═════ Extracted entries
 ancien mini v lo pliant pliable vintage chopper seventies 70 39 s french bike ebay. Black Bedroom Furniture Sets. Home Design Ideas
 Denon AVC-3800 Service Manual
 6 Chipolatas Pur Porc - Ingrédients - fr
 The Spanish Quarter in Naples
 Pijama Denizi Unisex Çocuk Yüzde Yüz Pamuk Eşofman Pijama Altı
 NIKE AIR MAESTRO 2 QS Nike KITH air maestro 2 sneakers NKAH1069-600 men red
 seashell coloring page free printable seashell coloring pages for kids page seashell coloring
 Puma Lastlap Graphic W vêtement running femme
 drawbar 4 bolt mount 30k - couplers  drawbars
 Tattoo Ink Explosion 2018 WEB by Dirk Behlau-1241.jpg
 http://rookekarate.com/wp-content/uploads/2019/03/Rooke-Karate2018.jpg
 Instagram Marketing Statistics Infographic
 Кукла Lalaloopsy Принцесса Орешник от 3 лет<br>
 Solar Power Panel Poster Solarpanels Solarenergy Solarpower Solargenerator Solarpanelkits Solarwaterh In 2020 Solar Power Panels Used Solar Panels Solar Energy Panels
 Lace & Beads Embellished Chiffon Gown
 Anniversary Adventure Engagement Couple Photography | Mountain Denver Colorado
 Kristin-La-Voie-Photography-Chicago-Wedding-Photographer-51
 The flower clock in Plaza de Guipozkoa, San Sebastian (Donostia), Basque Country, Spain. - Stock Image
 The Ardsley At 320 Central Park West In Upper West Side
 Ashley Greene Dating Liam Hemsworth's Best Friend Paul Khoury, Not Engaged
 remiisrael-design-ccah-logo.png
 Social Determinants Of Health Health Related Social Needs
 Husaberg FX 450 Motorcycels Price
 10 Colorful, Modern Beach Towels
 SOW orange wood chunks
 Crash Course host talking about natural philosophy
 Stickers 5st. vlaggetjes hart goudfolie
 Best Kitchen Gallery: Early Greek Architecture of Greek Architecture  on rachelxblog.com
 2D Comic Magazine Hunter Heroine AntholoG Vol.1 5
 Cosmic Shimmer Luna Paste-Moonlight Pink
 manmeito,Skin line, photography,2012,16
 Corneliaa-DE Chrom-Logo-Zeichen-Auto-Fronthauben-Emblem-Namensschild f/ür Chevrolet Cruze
══════════
Take the line holding "Denon AVC-3800 Service Manual" and all lines after it through the end of the data, and set them down exactly.

 Denon AVC-3800 Service Manual
 6 Chipolatas Pur Porc - Ingrédients - fr
 The Spanish Quarter in Naples
 Pijama Denizi Unisex Çocuk Yüzde Yüz Pamuk Eşofman Pijama Altı
 NIKE AIR MAESTRO 2 QS Nike KITH air maestro 2 sneakers NKAH1069-600 men red
 seashell coloring page free printable seashell coloring pages for kids page seashell coloring
 Puma Lastlap Graphic W vêtement running femme
 drawbar 4 bolt mount 30k - couplers  drawbars
 Tattoo Ink Explosion 2018 WEB by Dirk Behlau-1241.jpg
 http://rookekarate.com/wp-content/uploads/2019/03/Rooke-Karate2018.jpg
 Instagram Marketing Statistics Infographic
 Кукла Lalaloopsy Принцесса Орешник от 3 лет<br>
 Solar Power Panel Poster Solarpanels Solarenergy Solarpower Solargenerator Solarpanelkits Solarwaterh In 2020 Solar Power Panels Used Solar Panels Solar Energy Panels
 Lace & Beads Embellished Chiffon Gown
 Anniversary Adventure Engagement Couple Photography | Mountain Denver Colorado
 Kristin-La-Voie-Photography-Chicago-Wedding-Photographer-51
 The flower clock in Plaza de Guipozkoa, San Sebastian (Donostia), Basque Country, Spain. - Stock Image
 The Ardsley At 320 Central Park West In Upper West Side
 Ashley Greene Dating Liam Hemsworth's Best Friend Paul Khoury, Not Engaged
 remiisrael-design-ccah-logo.png
 Social Determinants Of Health Health Related Social Needs
 Husaberg FX 450 Motorcycels Price
 10 Colorful, Modern Beach Towels
 SOW orange wood chunks
 Crash Course host talking about natural philosophy
 Stickers 5st. vlaggetjes hart goudfolie
 Best Kitchen Gallery: Early Greek Architecture of Greek Architecture  on rachelxblog.com
 2D Comic Magazine Hunter Heroine AntholoG Vol.1 5
 Cosmic Shimmer Luna Paste-Moonlight Pink
 manmeito,Skin line, photography,2012,16
 Corneliaa-DE Chrom-Logo-Zeichen-Auto-Fronthauben-Emblem-Namensschild f/ür Chevrolet Cruze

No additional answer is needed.